Eu ainda procuro por isso.

Panorama Tricolor

@PanoramaTri @pauloandel

Imagem:PRA

8 Comments

  1. Faço minhas, os elogios dos tricolores ao seu belíssimo texto.

    St

    Ronaldo Riggs

  2. Que texto, que delicadeza, que tudo, que falta de palavras, que saudade!

  3. Sensacional o texto!! Compartilho de todas essas nuances que você enumerou a respeito de Amor ao Fluminense. Minha velinha está próxima de apagar…mas enquanto estiver acesa essa Paixão não morrerá no meu peito. Me emocionei com as suas lembranças. saudações Tricolores.

  4. Só tenho uma coisa a dizer: te invejo por ter vivido isso tudo! Sou do ES e fui uma única vez ao Maraca, na final da Libertadores! Não vencemos, vc bem sabe?! Mas, sinceramente, aquilo pra mim pouco importou! fiquei nas arquibancadas azuis, antiga geral, abaixo da cabines de rádio e televisão e confesso que olhava mais para a torcida acima de mim do que para o campo! Foi mágico, lindo! Depois vendo o VT do jogo não acreditei que eu fiz parte daquela festa linda! Ser tricolor é um benção de Deus!

  5. caro Paulo,

    nao joguei bola na geral, nao fui ‘batizado’ pelo eterno Guilhermino, nao vi os vendedores-astronautas, nao conheci alguns torcedores eternos de nosso Fluminense, nem mesmo pude subir a rampa levado por uma pessoa querida – mas pude sentir saudade de tudo isto ao ler teu texto.
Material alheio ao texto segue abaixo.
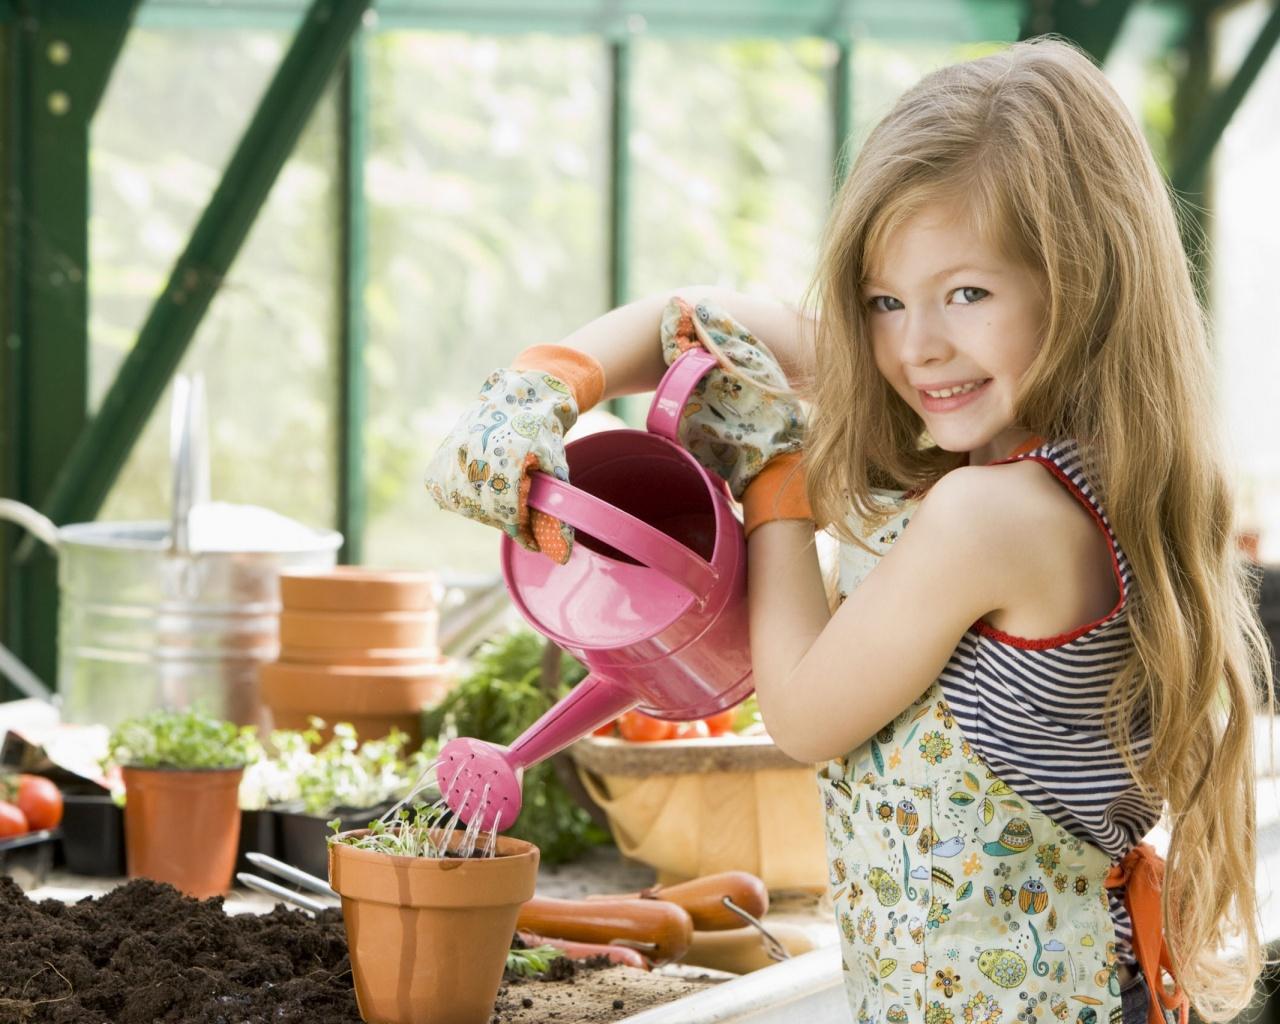 Детские фантазии цветов
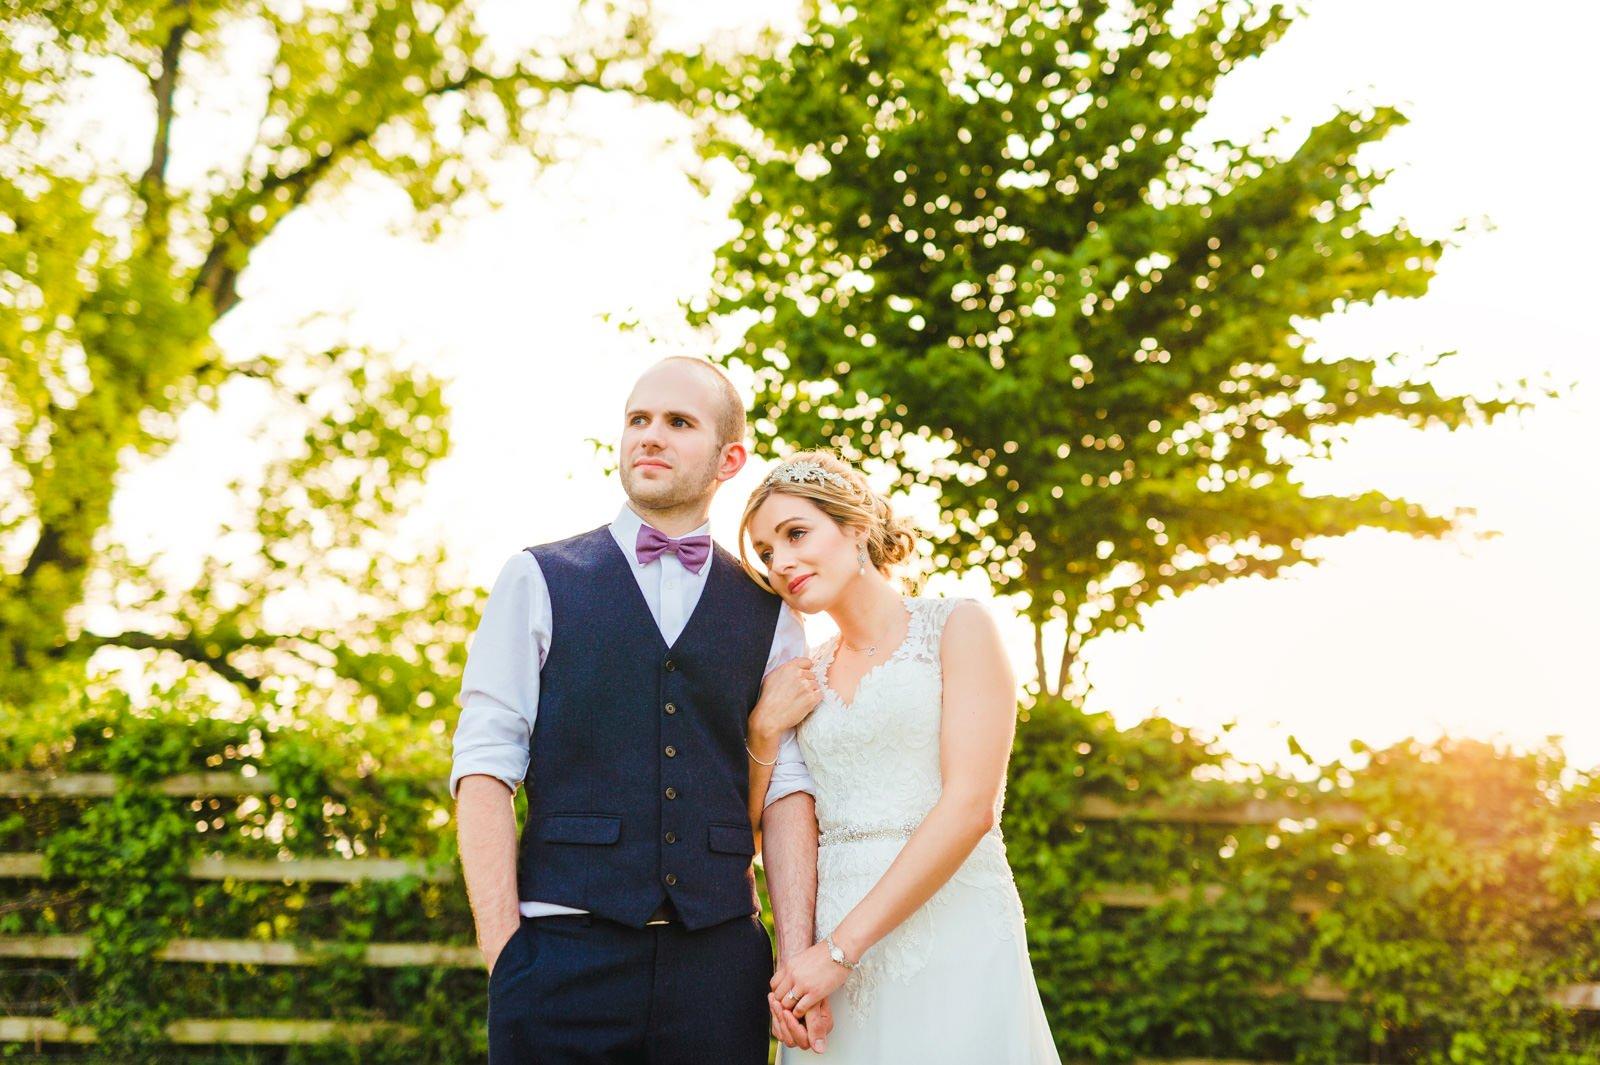 Millers Of Netley wedding, Dorrington, Shrewsbury | Emma + Ben 83

    obrigado – e nunca desista.

    ST

  6. Grande Andel, como você é hábil com suas palavras. Ler esse texto me fez também voltar no tempo, no Maraca de antes, não o de agora, apesar de não conhecê-lo ainda, pois sou um carioca erradicado em Natal. Tenho muito orgulho de torcer pelo nosso FLU, principalmente quando tenho o privilégio de torcer para o mesmo time de um grande escritor como você. Tenho quase todos os seus livros, faltando apenas o “Pagar o quê?”. Muito obrigado, Andel. Quando em for a um jogo, levarei os livros para vc…

  7. Meu camarada, que texto sensacional! Moro no Espirito Santo, portanto fui poucas vezes ao Maracanã. Mas teve uma vez que foi especial. Jogo Flu x Boca. Fui de ônibus de excursão do ES. Cheguei muito cedo no Maracanã, mas não me importei, fiquei lá, nos arredores do estádios, aguardando meu irmao que mora em Seropedica-RJ chegar, mas fiquei curtindo aquele momento que mais tarde se revelaria histórico.